All You Can Books: Best Crime and Mystery Novels
Looking for a worthwhile mystery book? If you love to read mysteries as much as we do! then we’ve got your must-reads list covered. You can always try All You Can Books for FREE! and check out the amazing collection of over 40,000 E-books & Audiobooks.
TOP 5 Crime and Mystery Novels on All You Can Books:
Murder at Bridge by Anne Austin
Inhabitants of the small town of Hamilton joke that they are afraid of being the dummy when playing Bridge, for fear of being murdered. Meanwhile, Special Investigator Bonnie Dundee demands a re-enactment of the ‘death hand’ to try and find out why, and how, the victim was killed during a high society Bridge party.

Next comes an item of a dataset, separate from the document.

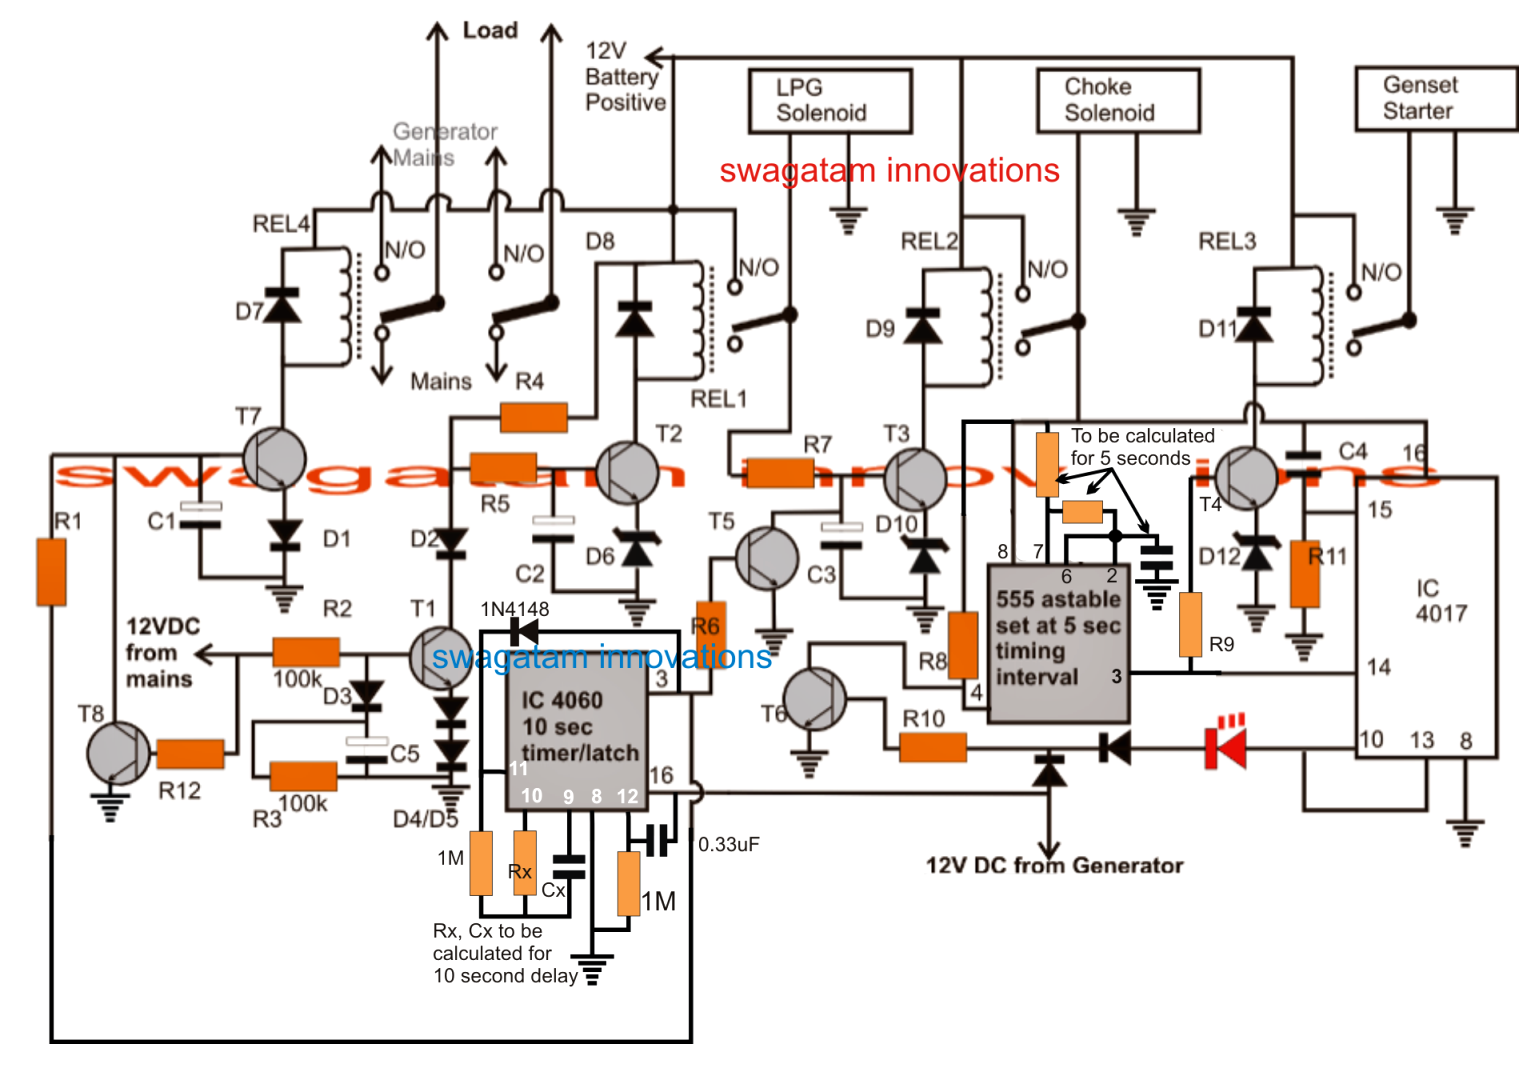 Automatic Transfer Switch (ATS) Circuit

Recommended for fans of John Grisham, Scott Turow, Michael Connelly, Janet Evanovich, and David Baldacci.
Each Dawn I Die by Mark Tullius
Each Dawn I Die contains ten thoroughly twisted tales from Mark Tullius. The setting of each tale varies from the next, yet the idea that permeates all of them is the author’s preoccupation with discovering evil in the ordinary.

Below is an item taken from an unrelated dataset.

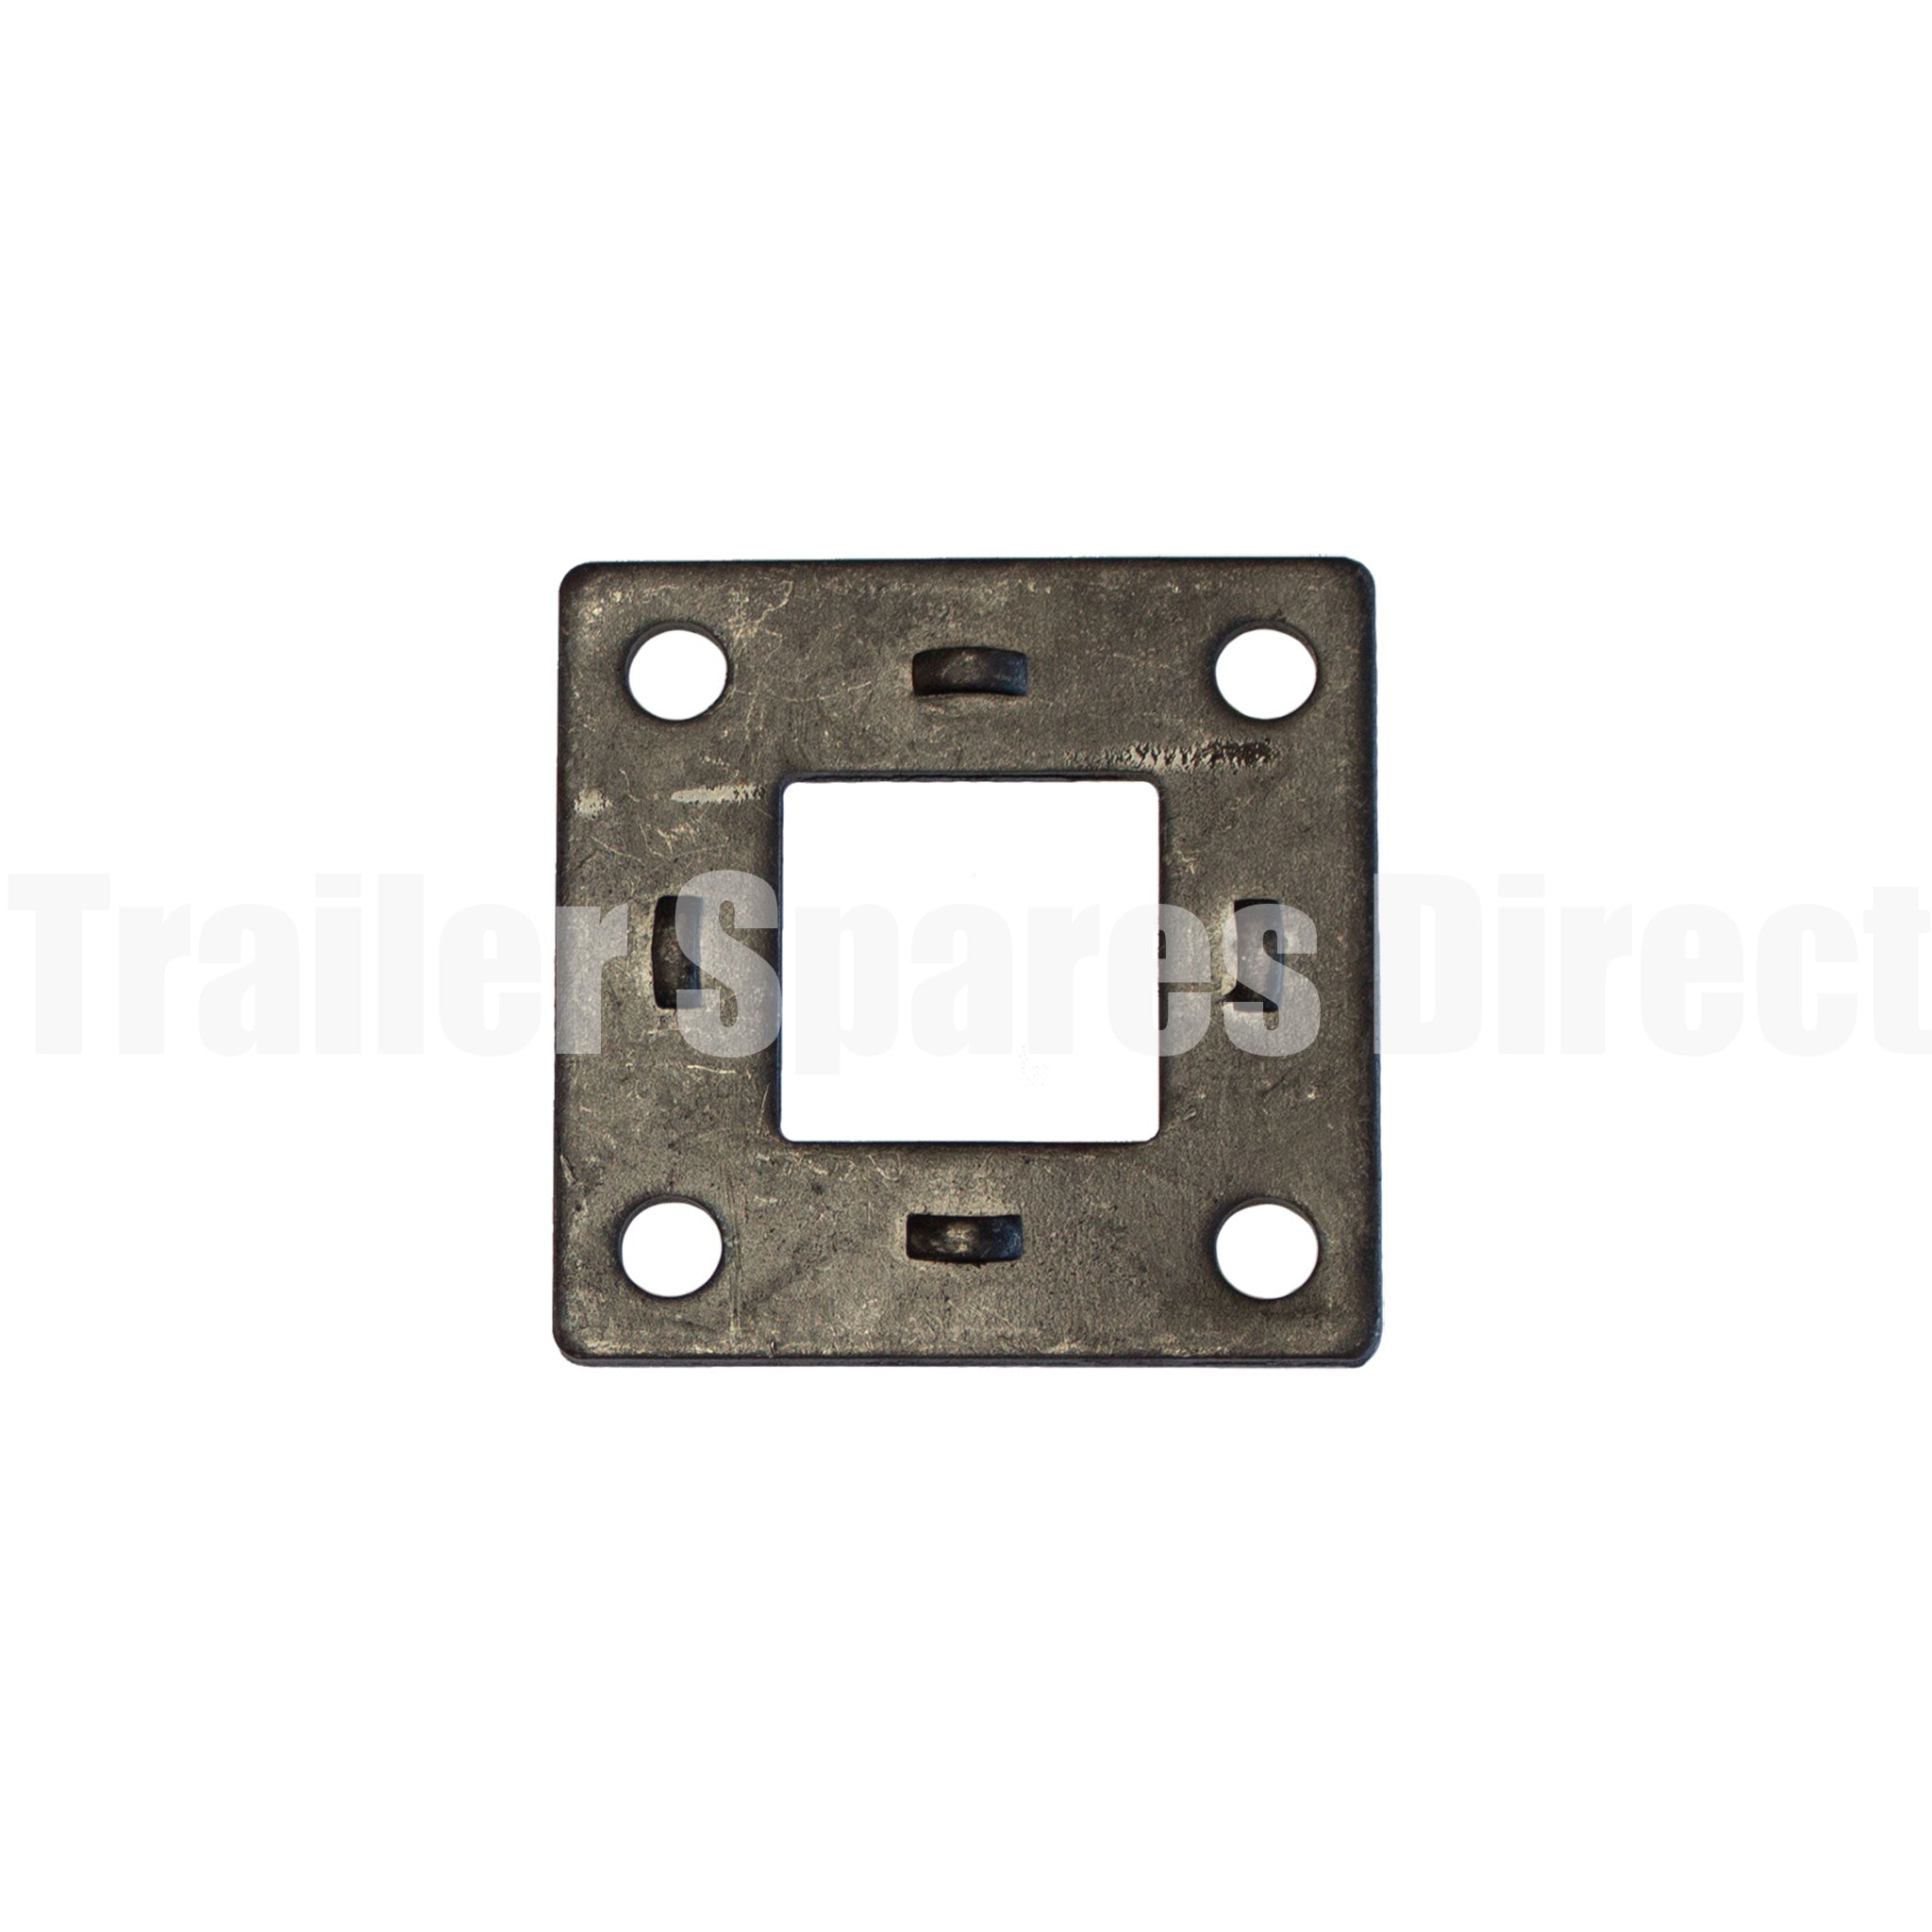 Weld-on mounting plate for 9 inch mechanical or 10 inch electric brakes - Pick axle sizes

Also available in E-book and Audiobook format
Recommended for fans of John Grisham, James Patterson, Stephen King, Janet Evanovich, Scott Turow, and David Baldacci.
The Fall River Tragedy by Edwin H. Porter
This is a True Story!!
The story of how Lizzie Borden supposedly murdered her parents has passed into American folklore, partly thanks to the albeit inaccurate playground rhyme, “Lizzie Borden took an axe, and gave her mother 40 whacks. When she saw what she had done, she gave her father 41.”

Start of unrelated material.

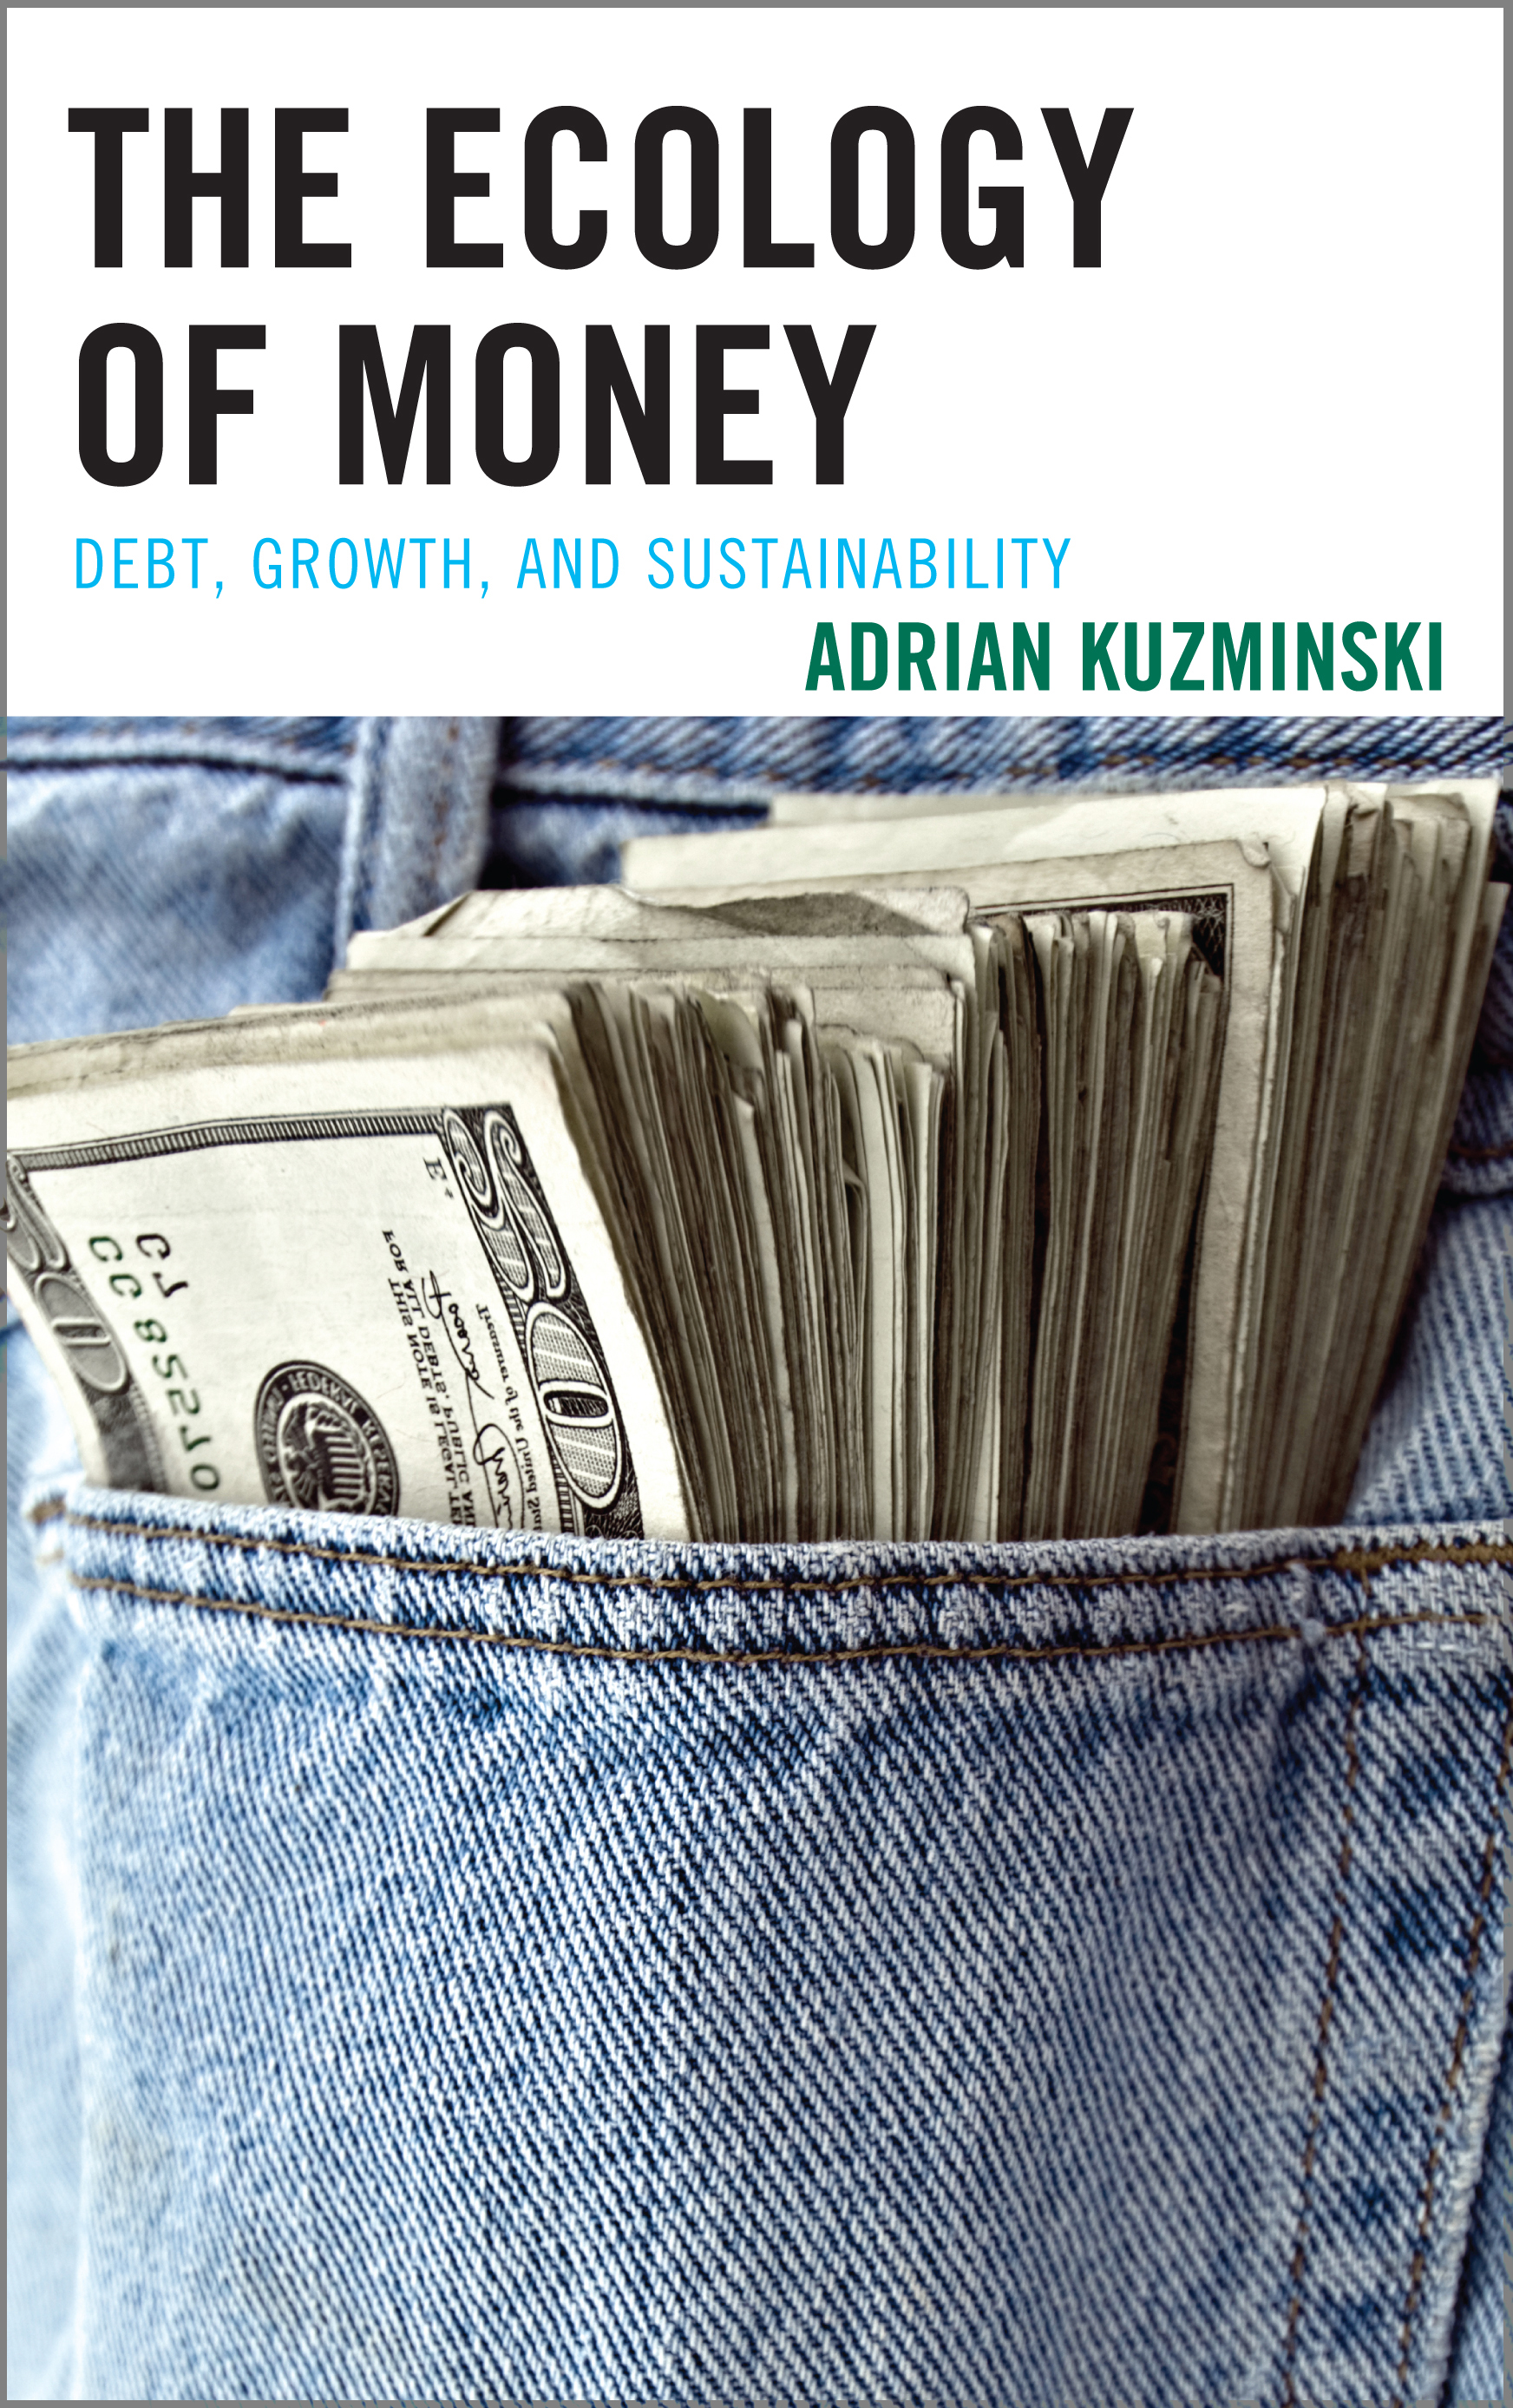 The Ecology of Money: Debt, Growth, and Sustainability

Here we have the ‘true’ story, as reported by the local police reporter who attended the trial and lived only streets away from the Borden home with his young wife. After the trial, Porter ‘disappeared’ and it was widely speculated he had either been murdered or bribed to disappear in order to suppress the book.
His reappearance some time later put paid to the first theory. After his death at age 39 from tuberculosis, a new theory emerged, that he had been away for treatment while keeping his illness secret.
Meanwhile, the trial itself was noteworthy for several reasons: it was one of the first to be followed by the nationwide press, providing a template for today’s tabloid and cable coverage of major trials; it also had some distinguished personnel: one of the prosecutors, Frank Moody, later became the attorney general of the United States and was appointed to the Supreme Court by President Theodore Roosevelt; and Borden’s defense attorney, George Robinson, was the former governor of Massachusetts. The appearance of Professor Wood of Harvard University was an early use of an expert witness at trial.
The Clue by Carolyn Wells
On the eve of her wedding day, Madeleine Van Norman, a beautiful young lady who is soon to come into her family fortune is found dead, apparently stabbed with an ominous blood-stained letter opener found nearby. There is nobody within the household who is not considered a suspect by the police, but how could a killer have slipped through the doors of Madeleine’s locked bedroom? It must have been suicide, as a note was found lying on a table near her body. Or was it? An intriguing mystery ensues which hinges on the discovery of a single, all-important clue.
Uncle Silas by Joseph Sheridan Le Fanu
Uncle Silas is a Victorian Gothic mystery/thriller novel by the Anglo-Irish writer J. Sheridan Le Fanu. It is notable as one of the earliest examples of the locked room mystery subgenre. It is not a novel of the supernatural (despite a few creepily ambiguous touches), but does show a strong interest in the occult and in the ideas of Swedenborg. (Summary by Wikipedia)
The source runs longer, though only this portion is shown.